Надежда и острая мужская потребность.

— Ты моя, Нова, — рычит он, — Вся.

— Я не спорю, — выдыхаю я, вожделение оживает в моем животе.

Он кладет кокос в одну руку, поворачивается на колени и придвигается ближе, ближе, нависая надо мной, пока у меня не остается выбора, кроме как лечь на траву, и на мне нет ни клочка одежды, чтобы прикрыть меня, кроме промокшего шарфа вокруг талии и тонкого топа бикини.

— Я не имею в виду, что ты моя на гребаную неделю.

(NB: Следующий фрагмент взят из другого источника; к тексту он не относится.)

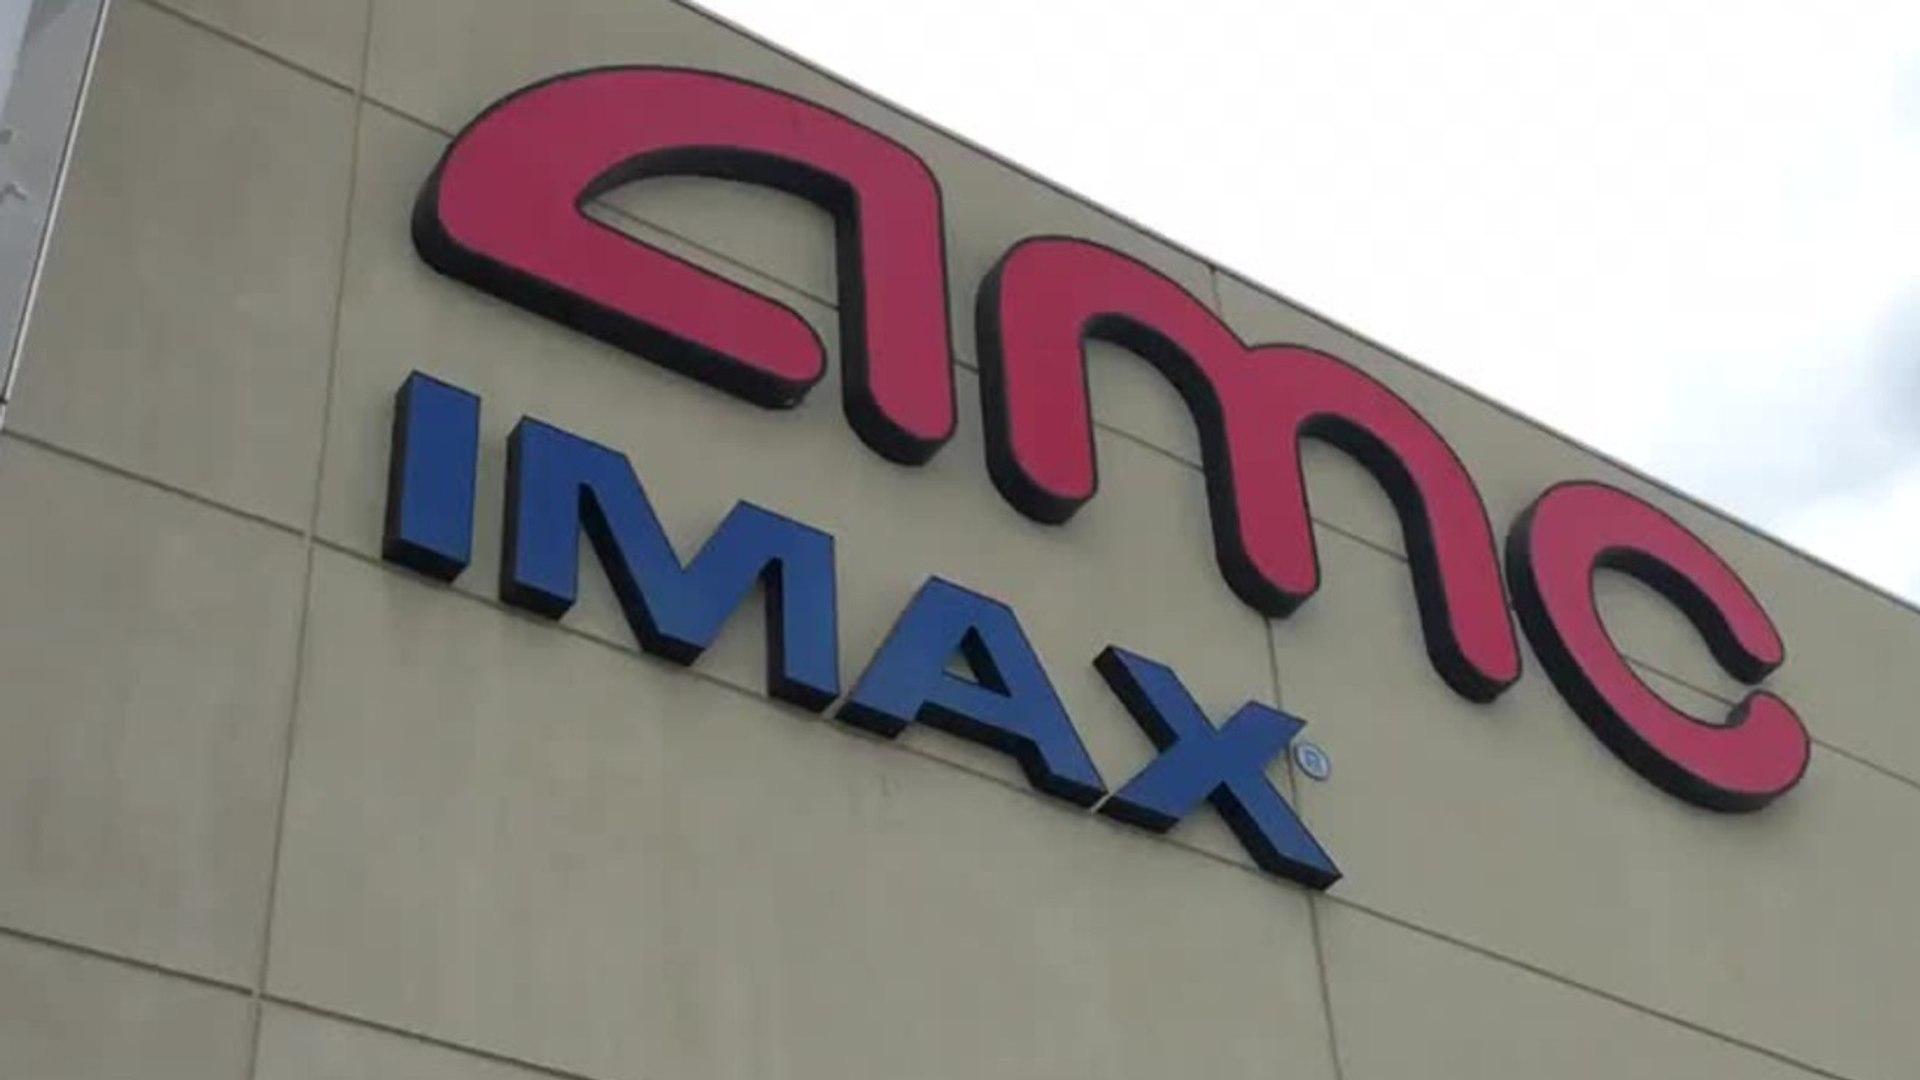 AMC Adding 2AM Screenings For Star Wars: The Last Jedi

Я имею в виду — навсегда. — Он переворачивает кокос, и теплая, липкая влага стекает мне на живот, стекает ниже и создает реку влаги, которая проходит через складки моего обнаженного тела. — Раздвинь для меня свои ножки, милая маленькая девочка, и покажи, чем я владею по праву отныне и вовеки.

Всхлип срывается с моих губ, огонь разгорается по всем моим нервным окончаниям, когда я следую его команде, раздвигаю колени и позволяю ему осмотреть плоть между ними, что он делает собственническими глазами.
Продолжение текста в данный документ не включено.